§ **Provided data**
********************

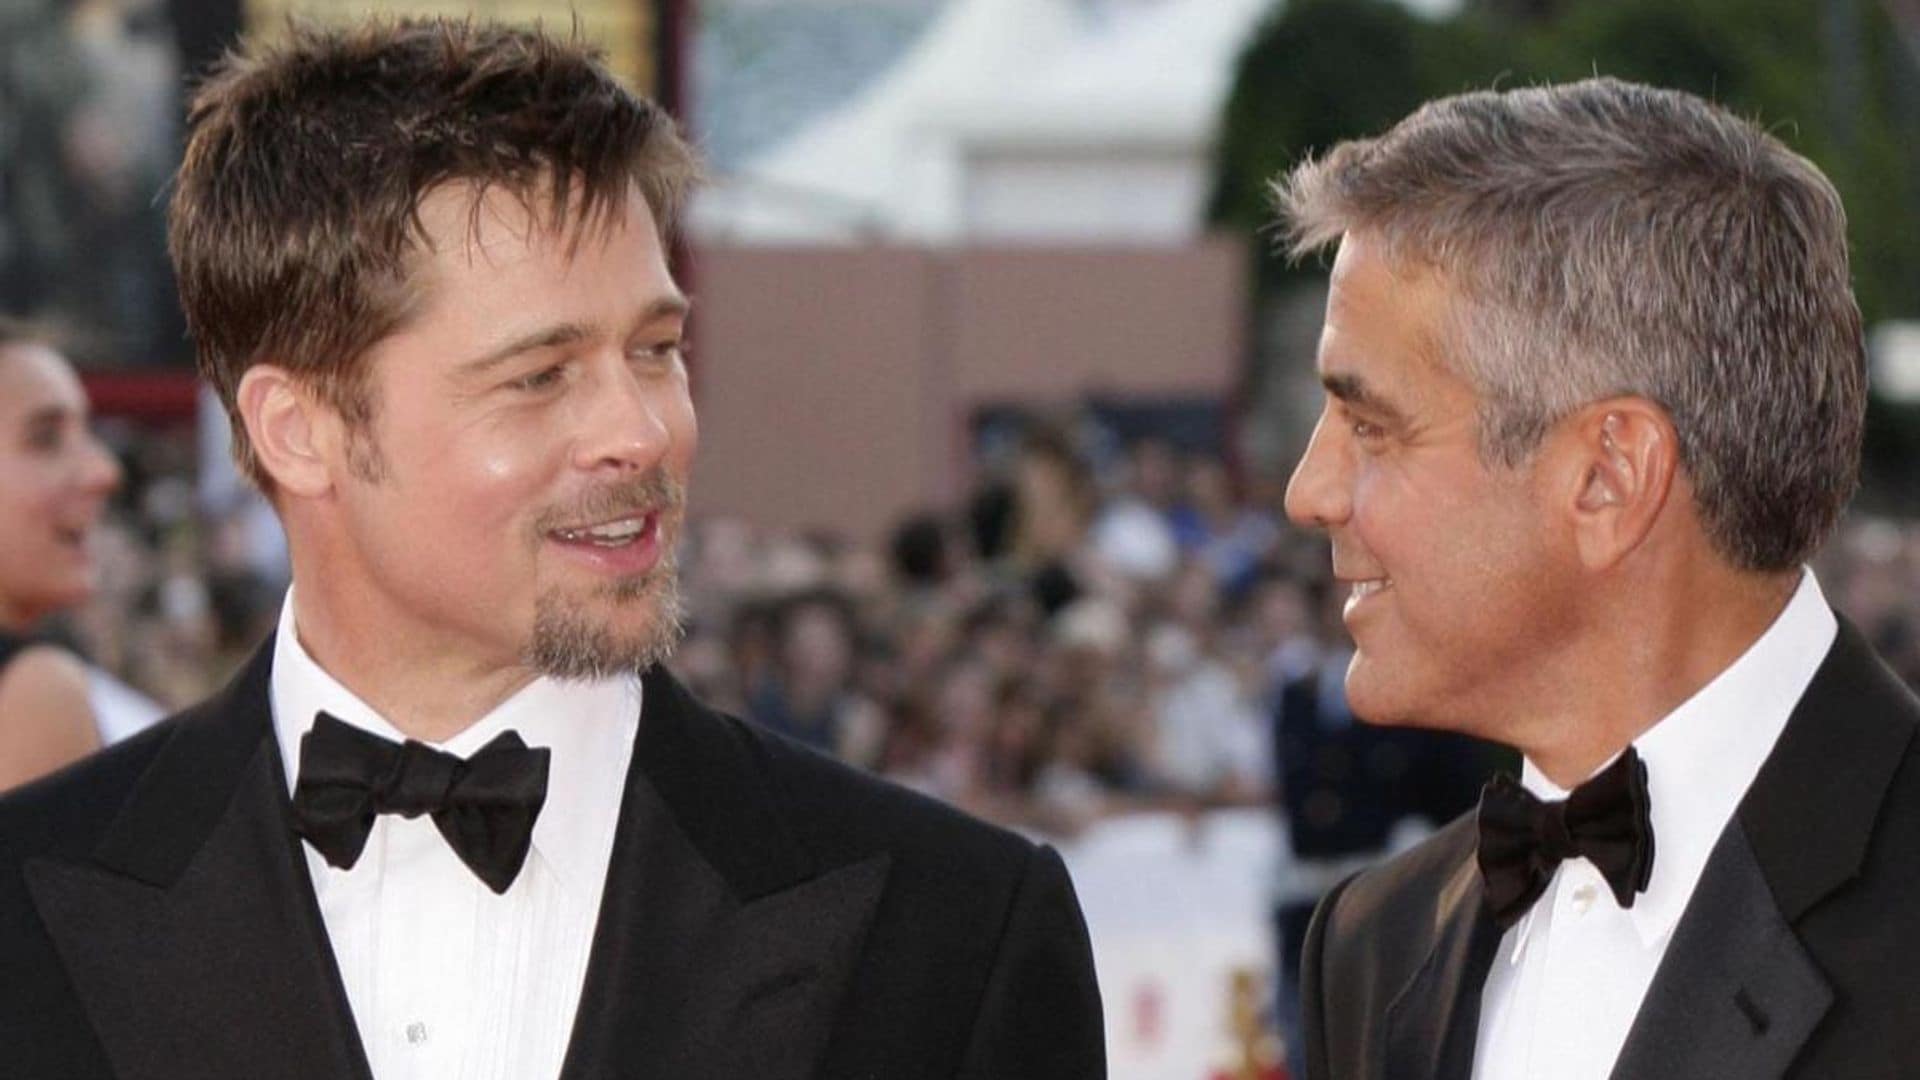 WATCH: Brad Pitt and George Clooney reunite for action-comedy
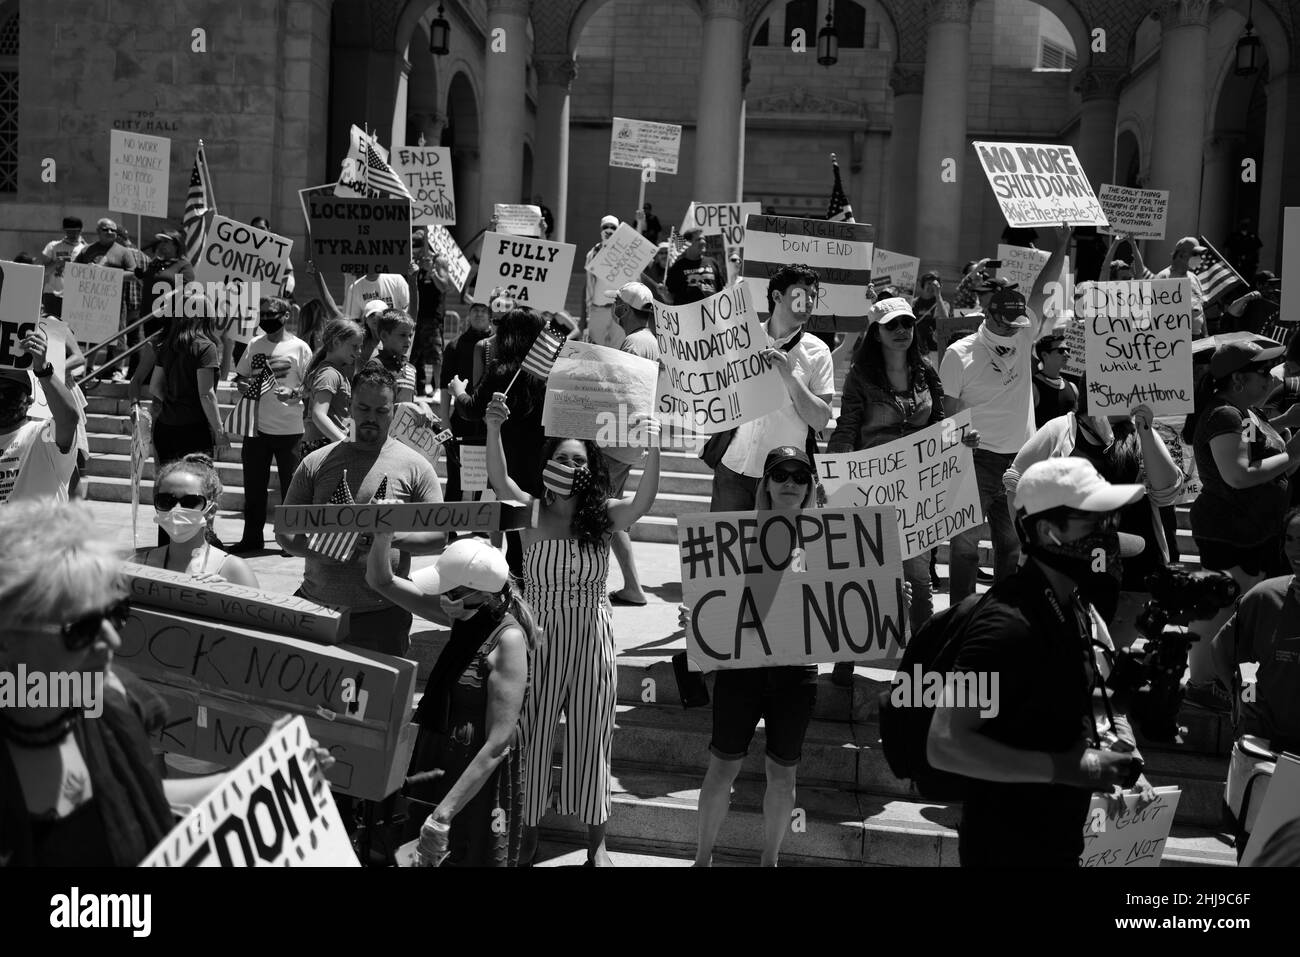 Covid protest in Los Angeles odd times in world history with Covid-19 people are not happy and police are out in force Stock Photo
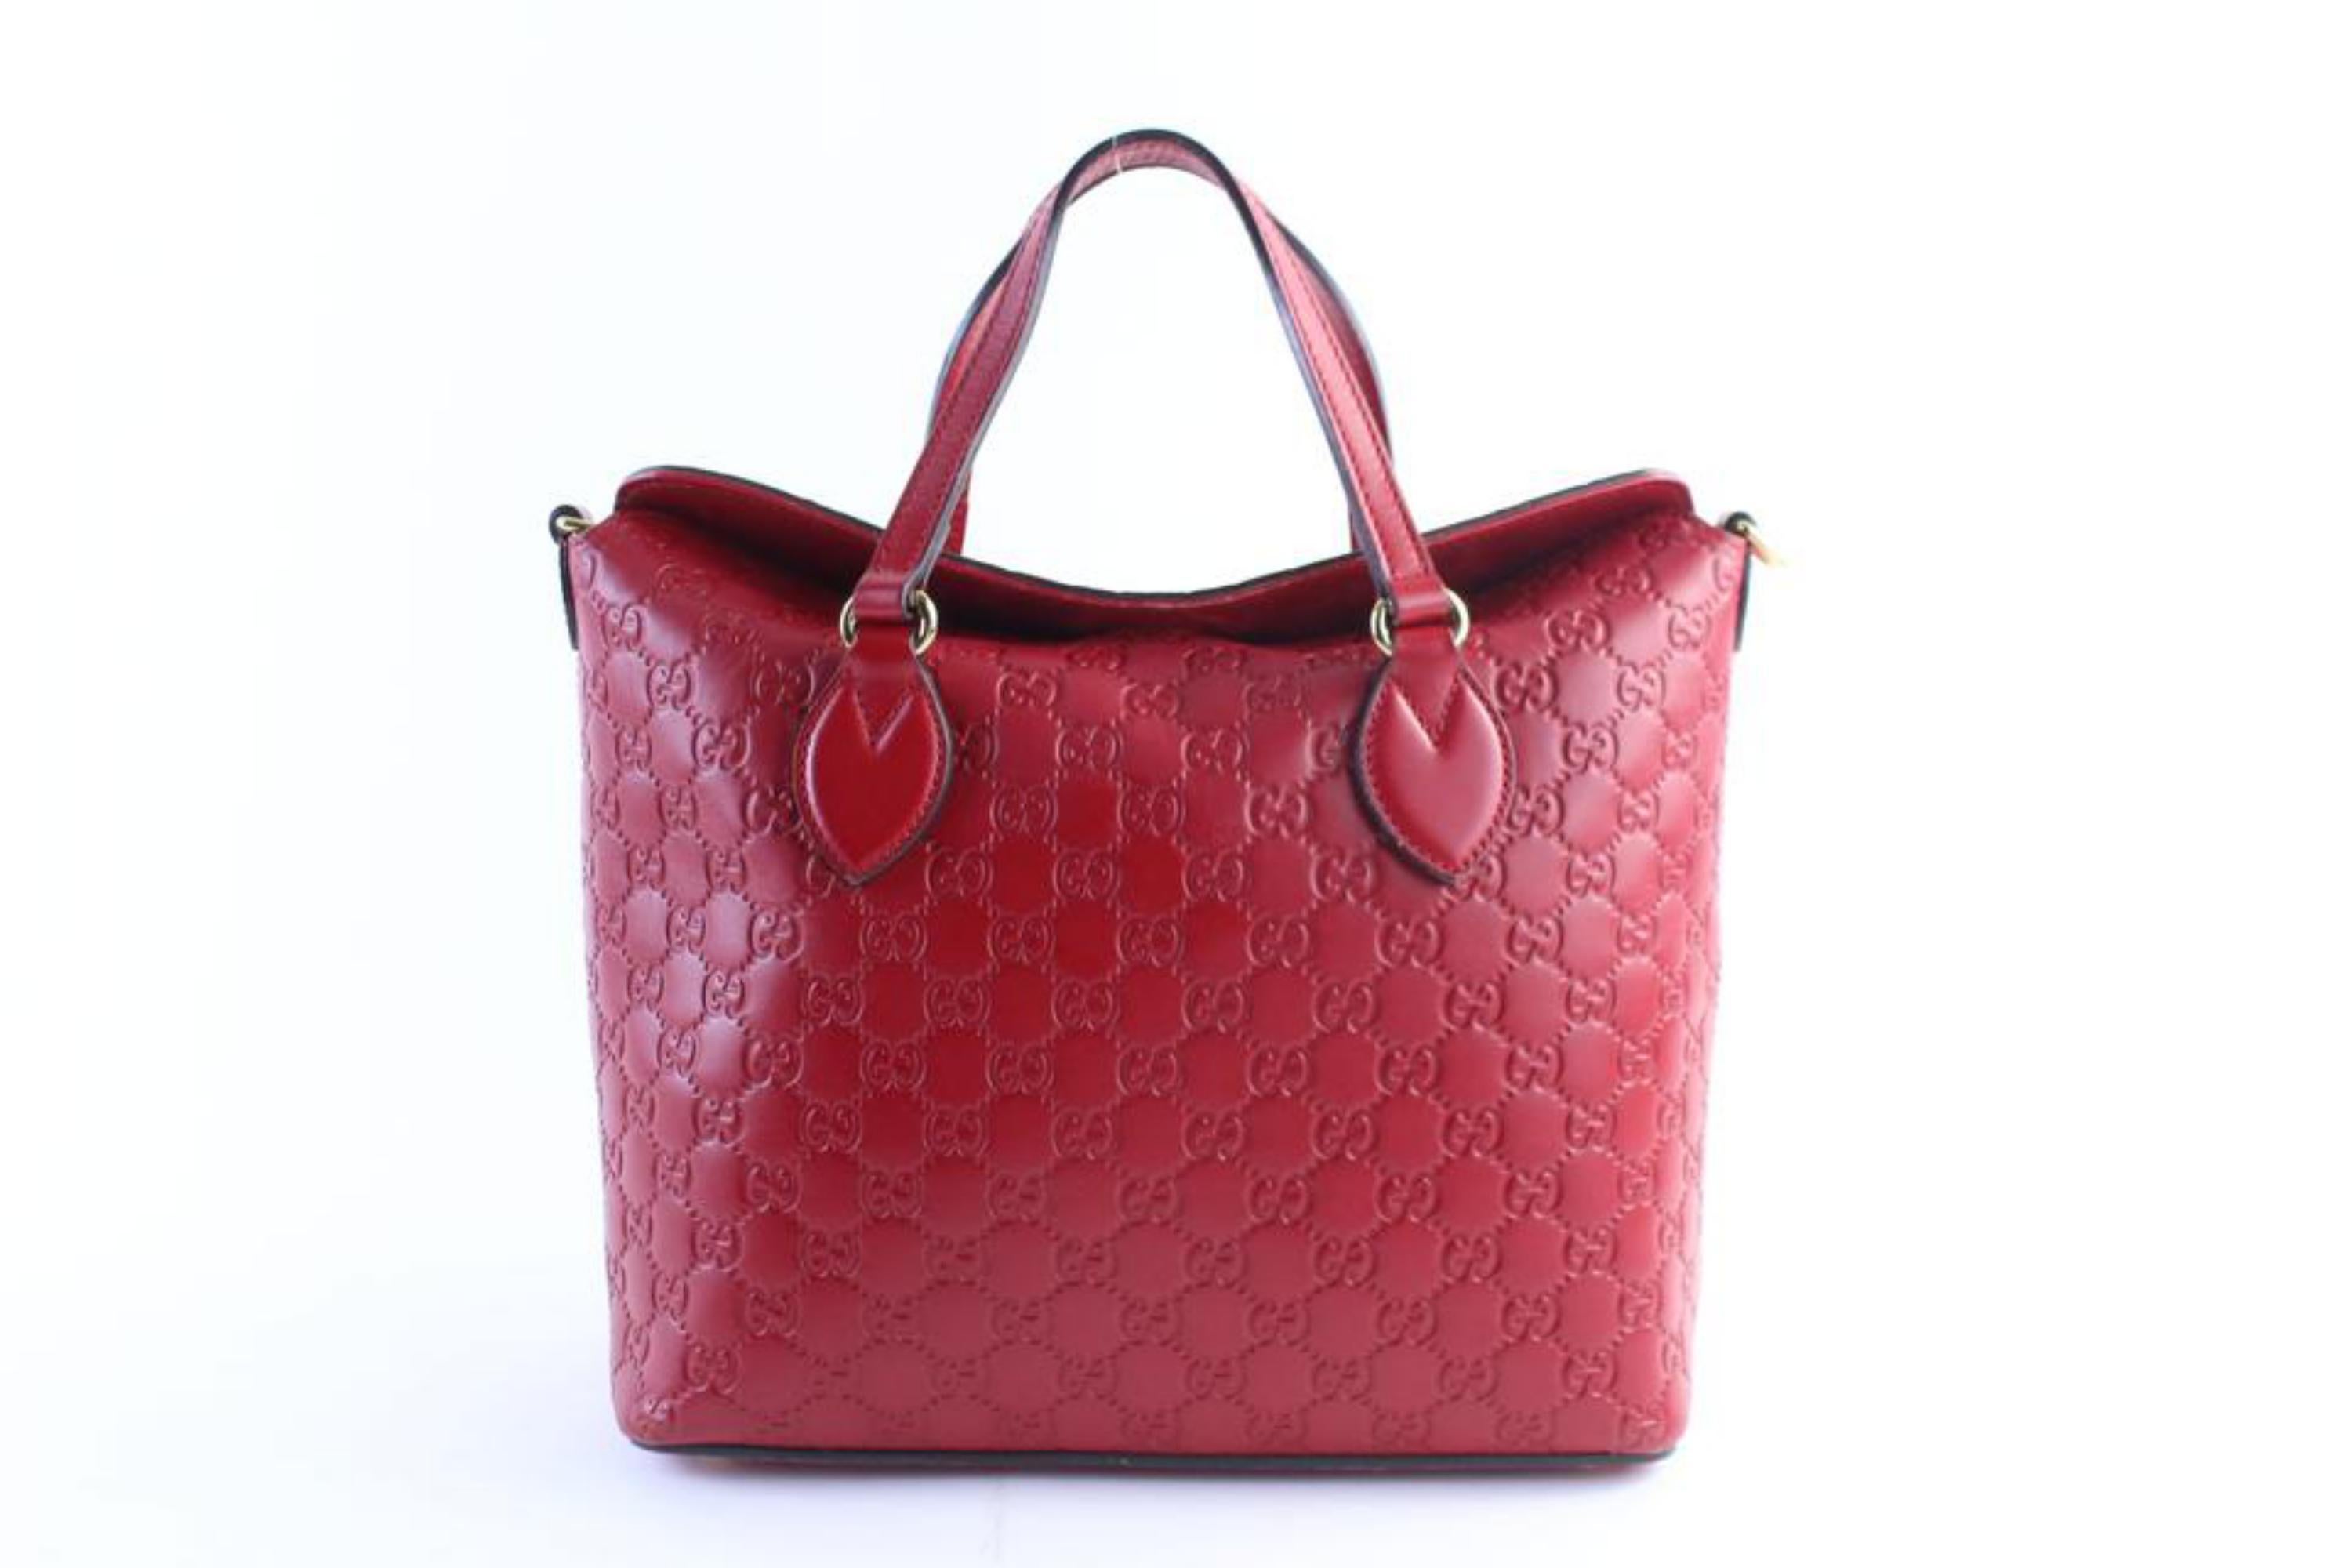 Gucci Top Handle Tote 11gr0606 Red Guccissima Leather Shoulder Bag For Sale 3

********************

§ **What to work on**
Drop the images, then copy the data exactly.

§ **Result**
 WATCH: Brad Pitt and George Clooney reunite for action-comedy
 Covid protest in Los Angeles odd times in world history with Covid-19 people are not happy and police are out in force Stock Photo
 Gucci Top Handle Tote 11gr0606 Red Guccissima Leather Shoulder Bag For Sale 3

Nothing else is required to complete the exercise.